Он вздохнул, собираясь с духом, и ответил:
– Я умираю, Нелани. Будет тихая вода. Через полгода или даже раньше.
– Зачем ты стать фимиамщик? – вздохнула собеседница. – Ты уметь любить, быть молод, хорош собой. Зачем фимиам?
– Я не фимиамщик, – упрямо в который уж раз сказал Сингур. – И не так уж молод. Да и не спрашивали меня, хочу я стать таким или нет.
– М-м-м… – тихо протянула шианка. От её вкрадчивого чувственного голоса у Сингура по коже побежали мурашки. – Так говорить все, кто стать рабом дурман. Но я видеть твой фимиам, он чёрный. Я не встречать такой прежде.
– Такой никто не встречал, – мужчина откинулся к стене. – Такой есть только в Миаджане. Я сам его добывал.
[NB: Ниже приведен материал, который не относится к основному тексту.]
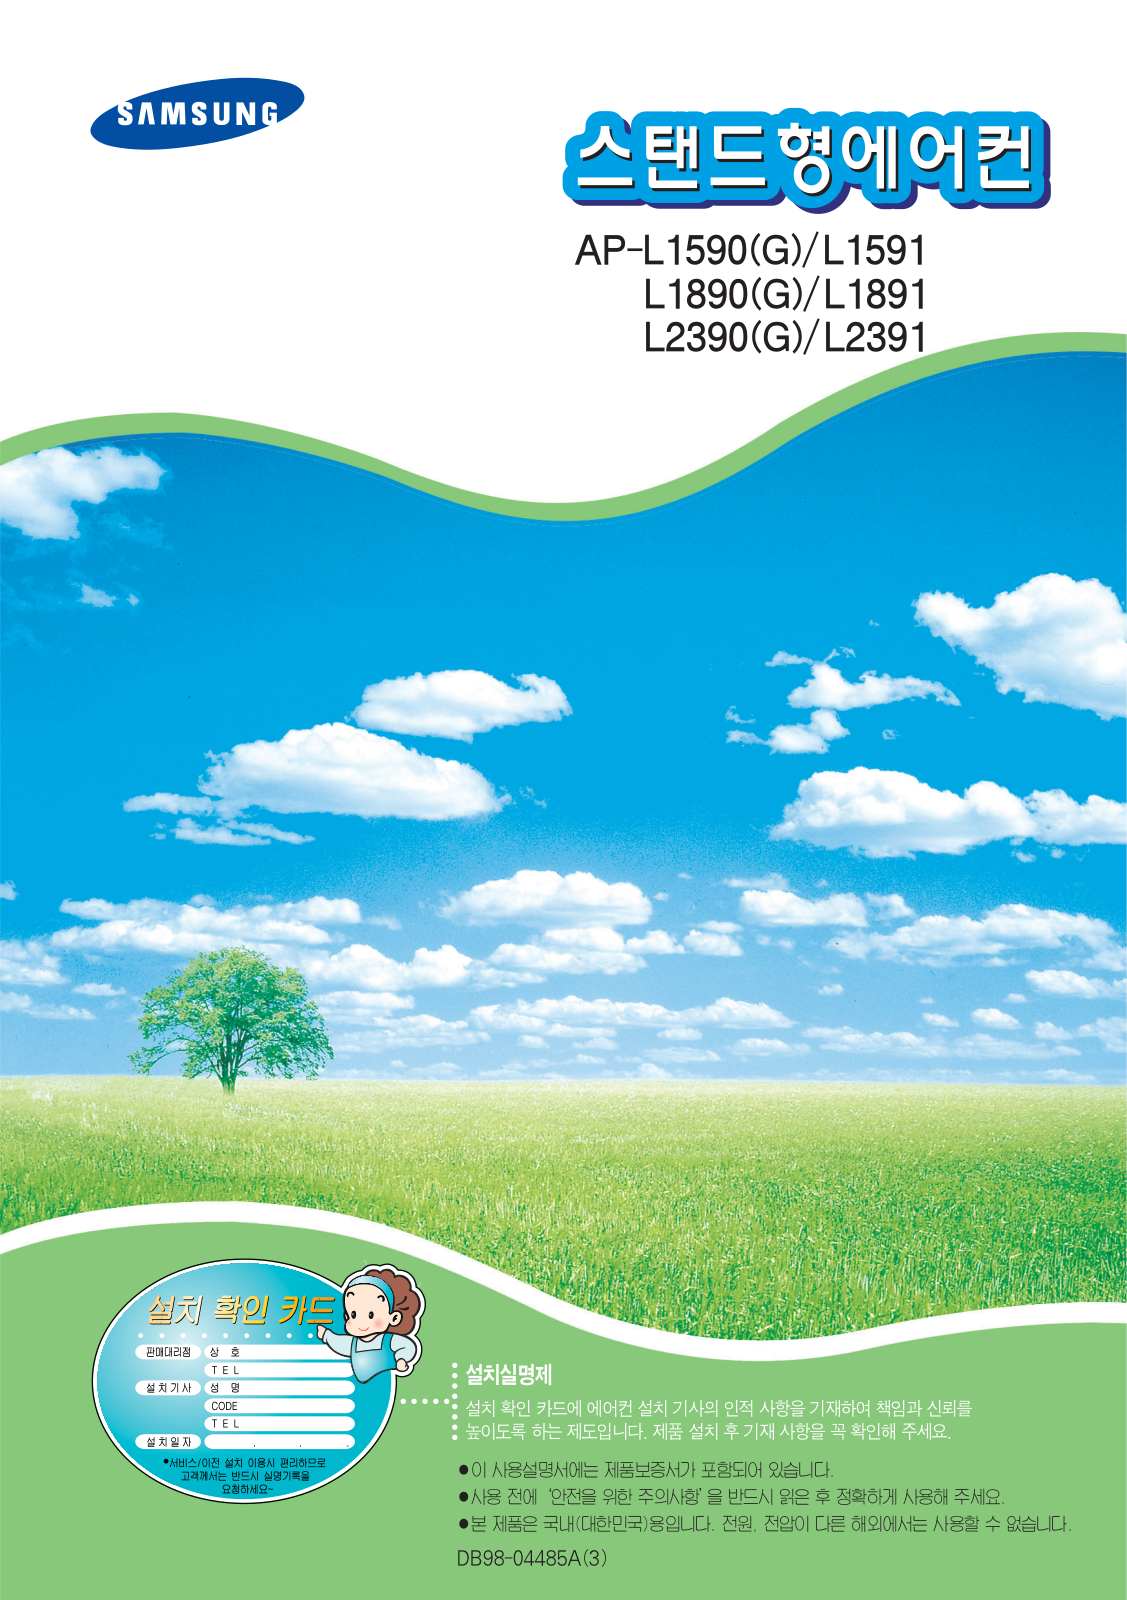 Samsung AP-L2390G, AP-L2391, AP-L2390, AP-L1891, AP-L1890G User Manual
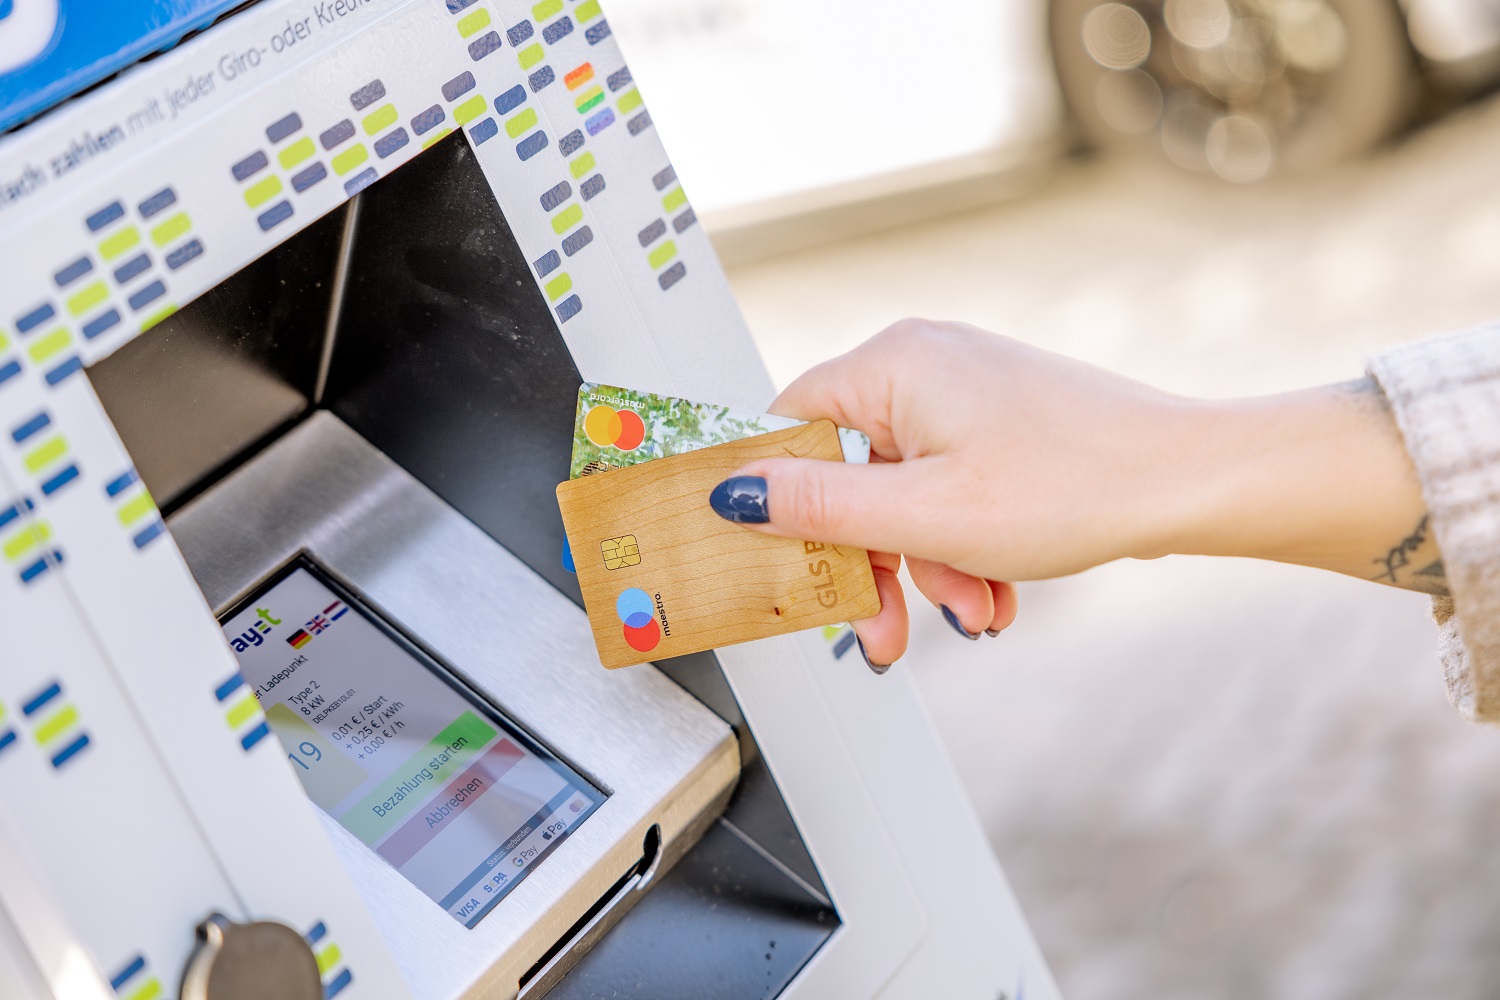 GLS Pay-t Bezahlterminal wird von einer Frau mit GLS EC-Karte benutzt

Точнее, не я… его добывали женщины, мы, мужчины, уходили далеко вниз, а женщины ходили по тем коридорам, что ближе к поверхности. Этот фимиам – не пыльца. Что-то вроде плесени на стенах – след, оставленный подземными слизняками. Его соскребают с камня, потом сушат, отдают жрецам, и те делают чёрный фимиам.
– Миаджан – старый сказка, – удивлённо сказала шианка и устроилась рядом, скрестив длинные ноги. – Я смотреть представление на площадь.
– Если бы, – вздохнул Сингур. – Он есть. Там стоят заросшие мхом и лианами храмы, а вокруг тёмная вода…
– Рассказать про слизней? – Нелани встала с топчана и зажгла лампу. – Они большой?
– Разные, – Сингур прикрыл глаза. Свет всё ещё был ему неприятен. – С ладонь, есть и больше – с руку. Такой может упасть с потолка и облепить лицо.